To analyze the possible relationship between citations and all tweets, original tweets and retweets, comparisons across fields and over time were conducted. For this purpose, proportion non-zero and Geometric mean of citations, tweets and retweets were calculated and normalized for comparisons between subject fields and with the world average (here, all PLoS publications). The data was first prepared (Thelwall, 2017) and then the calculations were conducted with Webometric Analyst (lexiurl.wlv.ac.uk).

  1. Normalized Proportion non-zero was used as an estimate for publications with non-zero Scopus citations, tweets and retweets, with a 95% confidence interval.

  2. World normalised proportion non-zero of metrics (EMNPC) were used for comparisons. EMNCP values for fields are compared for any variation from the world average (=1).

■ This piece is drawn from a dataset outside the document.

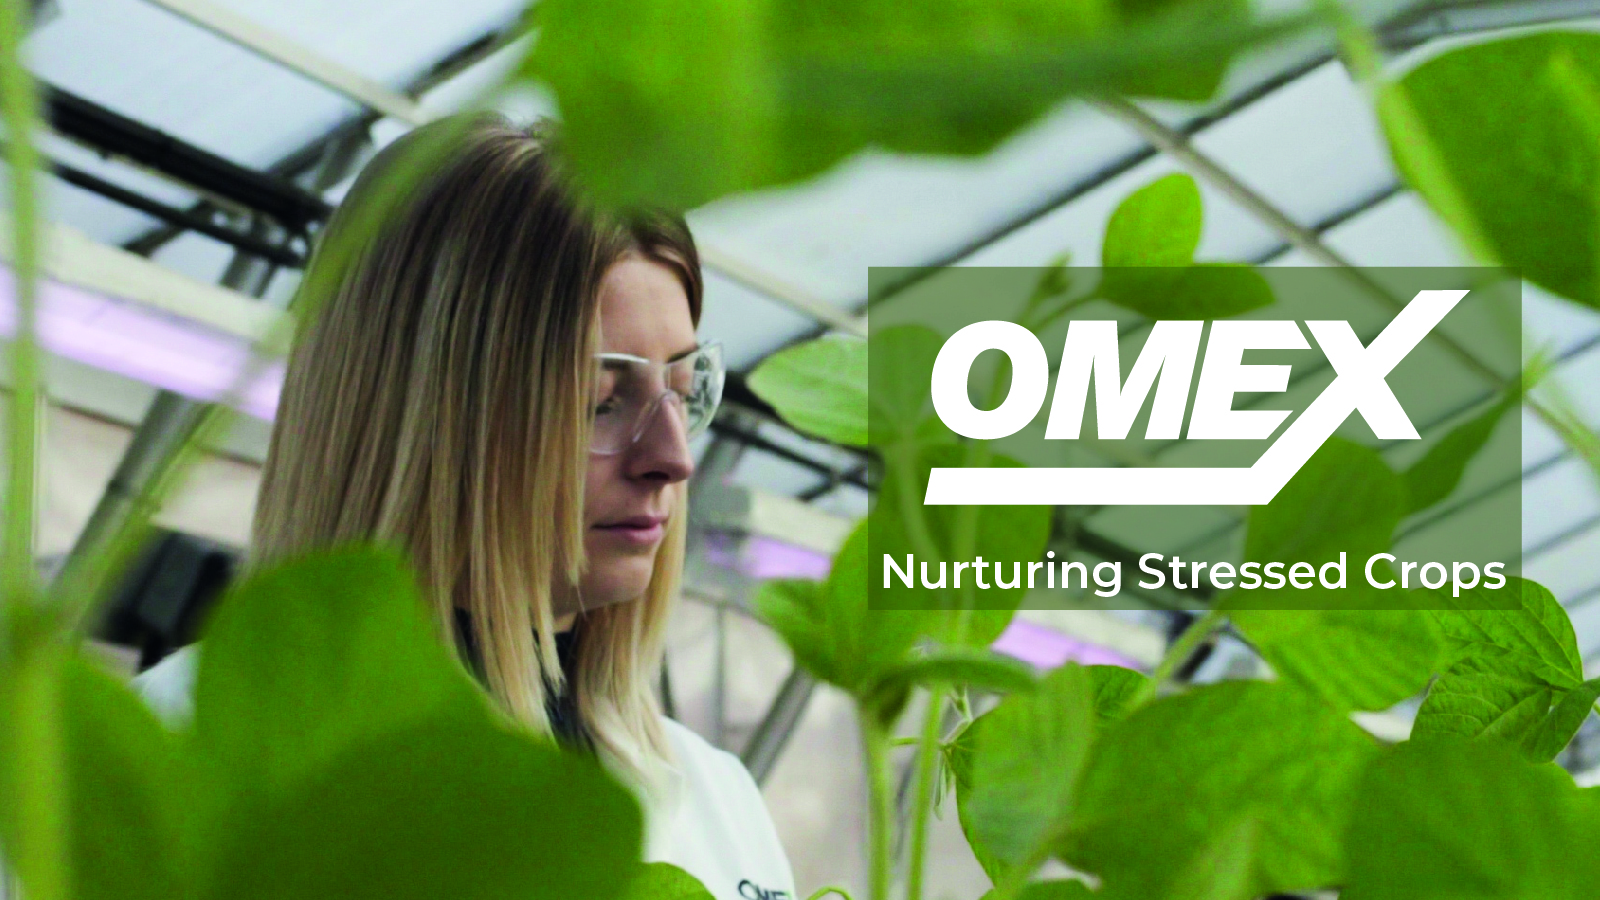 Nurturing stressed crops – Horticulture

  3. Geometric mean was calculated based on the logarithm of raw metric counts + 1 or ln(1+raw data), as proposed by Thelwall (2017) and all calculation were in 95% confidence interval.

  4. World normalised mean metrics (MNLCS) were calculated on log-transformed data of ln(1+raw data) and calculated in 95% confidence interval. MNLCS values also need to be compared with value one which represents the world average.

4. Findings

4.1. Normalized Proportion Cited

Figure 1 shows that the total publication frequency of PLoS had significantly increased from 87 in 2003 to just below 35,000 in 2013, after which the level drops and remains at around 20,000 annually. The proportion non-zero citations show a cumulative increase over time, the number of publications mentioned in tweets rose from about 20% in 2010 (about the time when altmetric.com started to collect tweets) to 76% in 2016 and then a fall to about 65% in 2022. The proportion non-zero retweets shows a delayed rise since 2013, rising to 40% by 2018, levelling off after that, while proportion tweeted has slightly dropped in the same period.

Figure 1: Frequency of total publications, publication cited, tweeted and retweeted and normalized proportion non-zero in the metrics

Presenting the results from the normalized proportion non-zero of metrics, Figure 2 shows that on average 92% of publications in STEM fields had been cited, while only 82% in SSH fields had received citations. On average, 75% of articles in STEM had been tweeted, compared to 85% in SSH, while only 35% of STEM articles and 50% of SSH articles had been retweeted.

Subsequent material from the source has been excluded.